In the past few years, there has been a steep increase in nanotech-related patent applications and patents issued, and there is concern that issued patents may be overlapping and too broad, which could ultimately impede commercialization. “A sort of patent land-grab is in full swing by patent prospectors during these critical, early days,” maintained Dr. Bawa. While there are relatively few products currently based on nanoparticles, there are many patents already, and even some patent disputes (e.g., the one between Elan and Abraxis Bioscience).
Cancer Therapeutics and Diagnostics
Esther Chang, Ph.D., professor of oncology at Georgetown University Medical Center and a consultant to SynerGene Therapeutics, described the company’s work in gene-based nanotech cancer therapeutics and diagnostics. SynerGene is developing man-made, virus-like nanoparticles to target primary tumors and metastases. These particles are composed of cationic lipid shells that encapsulate various molecular therapeutics, including tumor suppressor genes, which can be used against cancer, including therapy-resistant tumors.
Attached to these nanoparticles are tumor-targeting molecules, i.e., transferrin, folic acid, or a single-chain antibody fragment, directed against the transferrin receptor, which bind to their respective receptors that are overexpressed on tumor cells. Thus, when systemically delivered, these particles zero in on both primary tumors and metastases.
“We did not originally call the treatment a nanomedicine, although it actually was. We do now,” she said.
The company performed more preclinical animal studies than it needed for the IND. “Only one relevant species is required for animal models, which are not necessarily large animals,” said Dr. Chang. The key is determining and demonstrating which species is the most relevant for your particular agent, she added. To achieve that, SynerGene conducted numerous preclinical analyses in panels of tissues from mouse, rat, dog, and two monkey species, and found that the pattern of binding of its targeting molecule was most similar between human and mouse tissues.
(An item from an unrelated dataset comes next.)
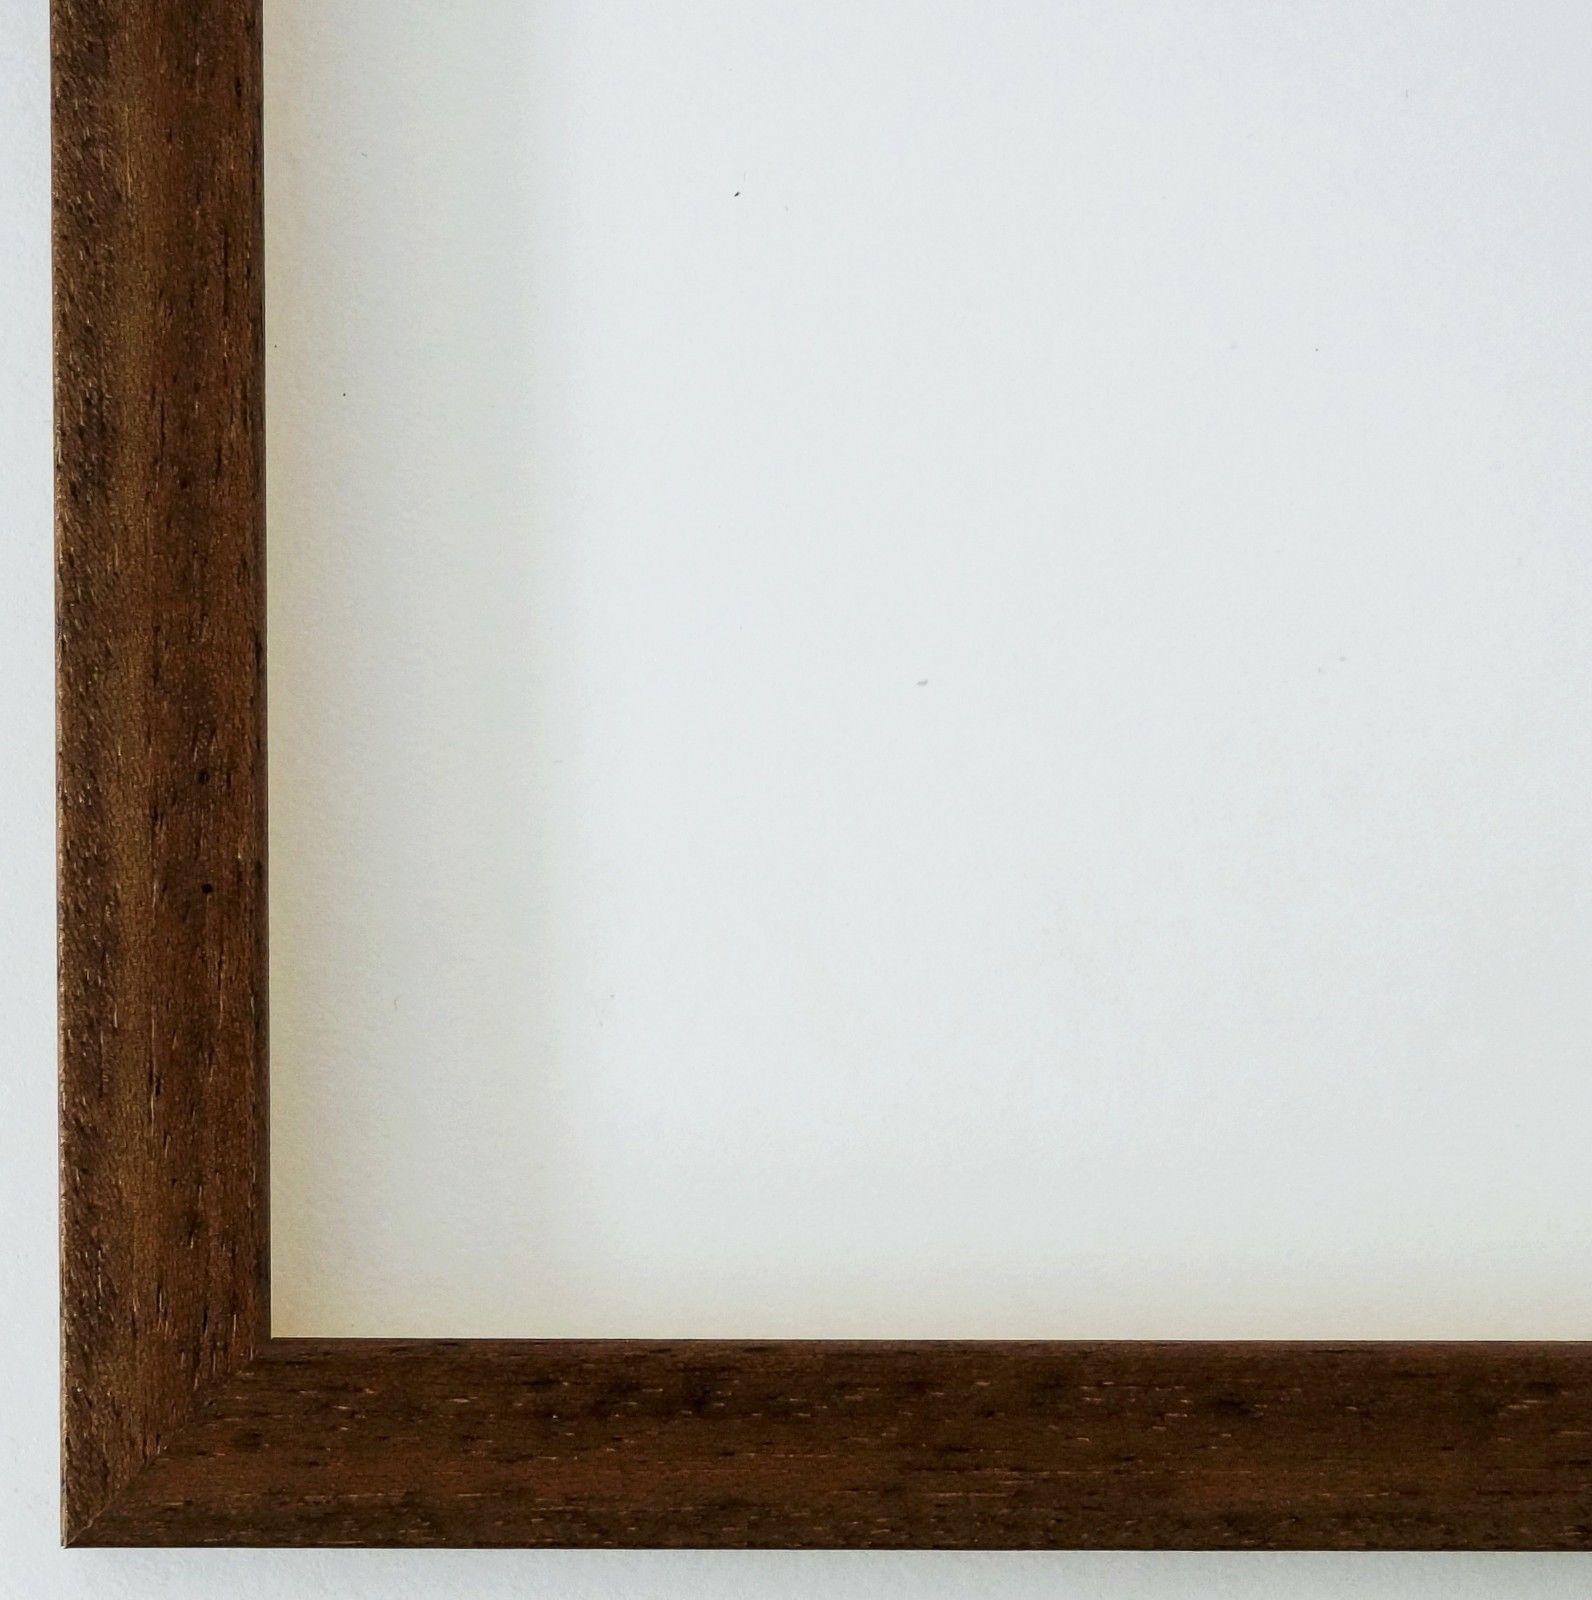 Bilderrahmen Braun Oldenburg - 9x13 10x10 10x15 13x18 15x20 18x24 ...

SynerGene is poised to begin recruiting patients for a Phase I trial for delivery of the p53 tumor suppressor gene in patients with advanced solid tumors, at the The Mary Crowley Medical Research Center, located within the Baylor University Medical Center. The company also anticipates starting a second Phase I trial delivering the RB94 gene at the M.D. Anderson Cancer Center.
SynerGene is also developing gadolinium-encapsulated diagnostic nanoparticles as an MRI contrast agent, which can detect lung cancers 5 to 10 times smaller than currently distinguishable with CT, Dr. Chang reported.
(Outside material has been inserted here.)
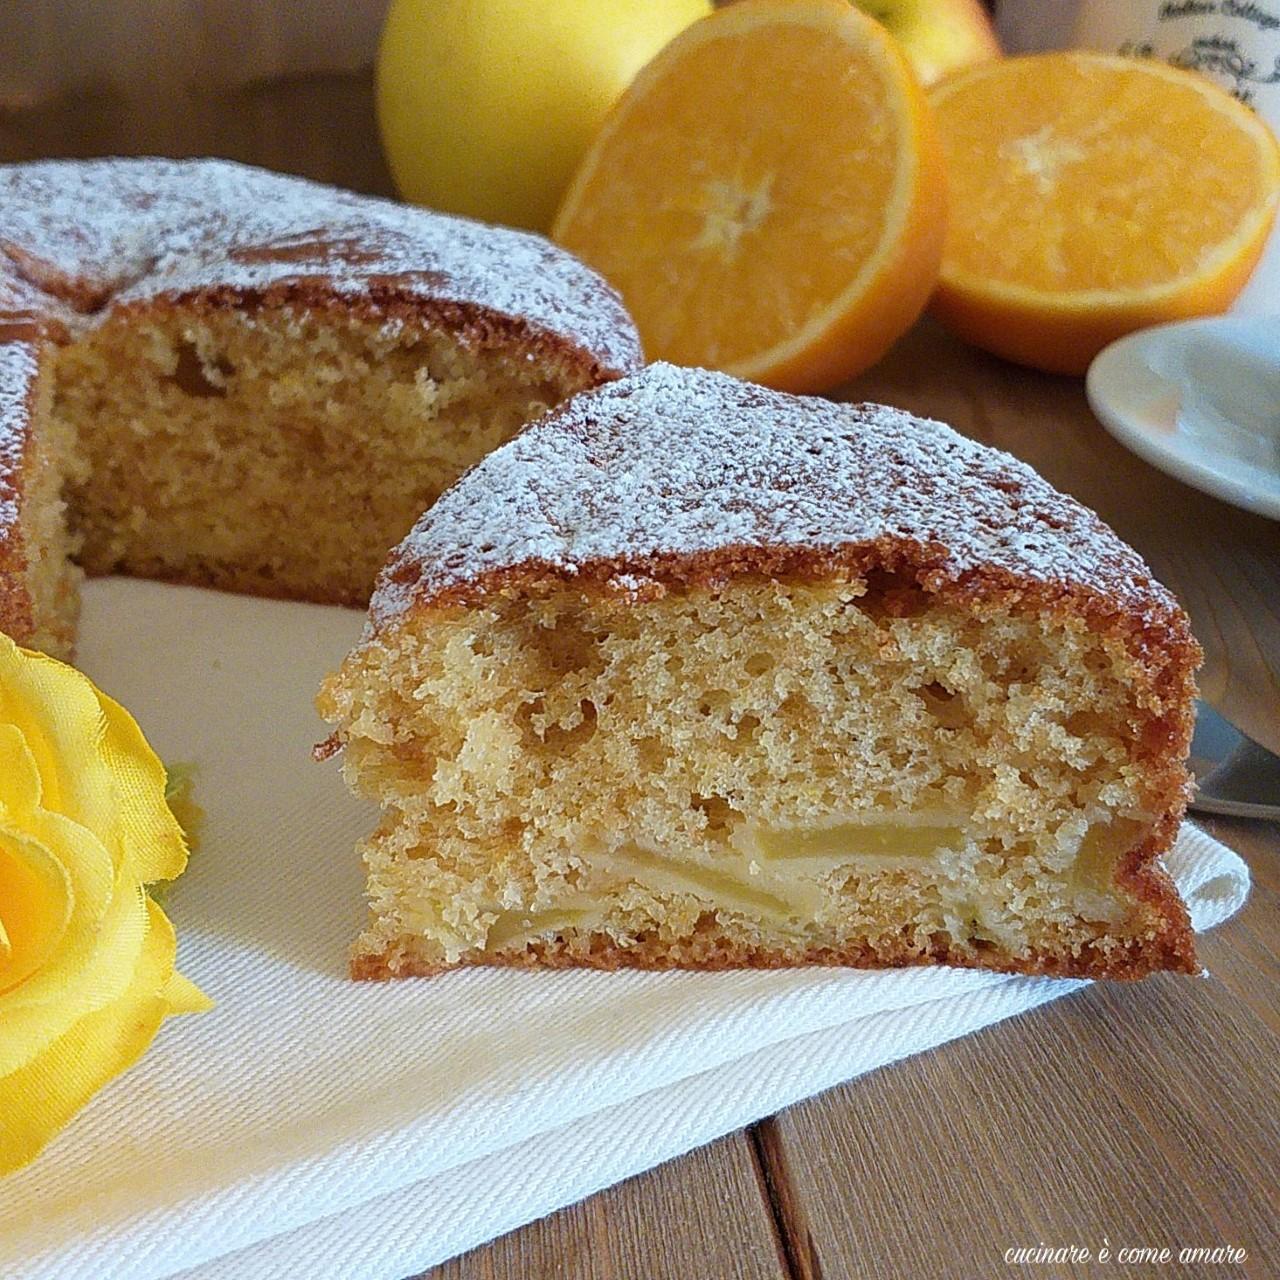 Torta 5 minuti arancia e mela cucinare come amare for Cucinare 5 minuti

“We worked with consultants to help us meet FDA requirements,” noted Dr. Chang. The expertise of consultants, many of whom have worked at the FDA, is especially important and helpful for academic researchers. “We also had pre-pre-IND meetings early on, which I recommend as they can truly help avoid much pain and suffering. On the whole, our dealings with the FDA have gone smoothly,” she said.
Referring to biotech products in general and not just to those based on nanotechnology, G. Alexander Fleming, M.D, president and CEO of Kinexum (www.kinexum.com) and former group leader of CDER’s metabolism and endocrine drug projects, also stressed the importance of clear pre-IND communication, in light of the fact that drug development is getting harder, riskier, and more expensive. He advised companies to maximize their contact with the FDA by asking concrete and not open-ended questions and making specific proposals.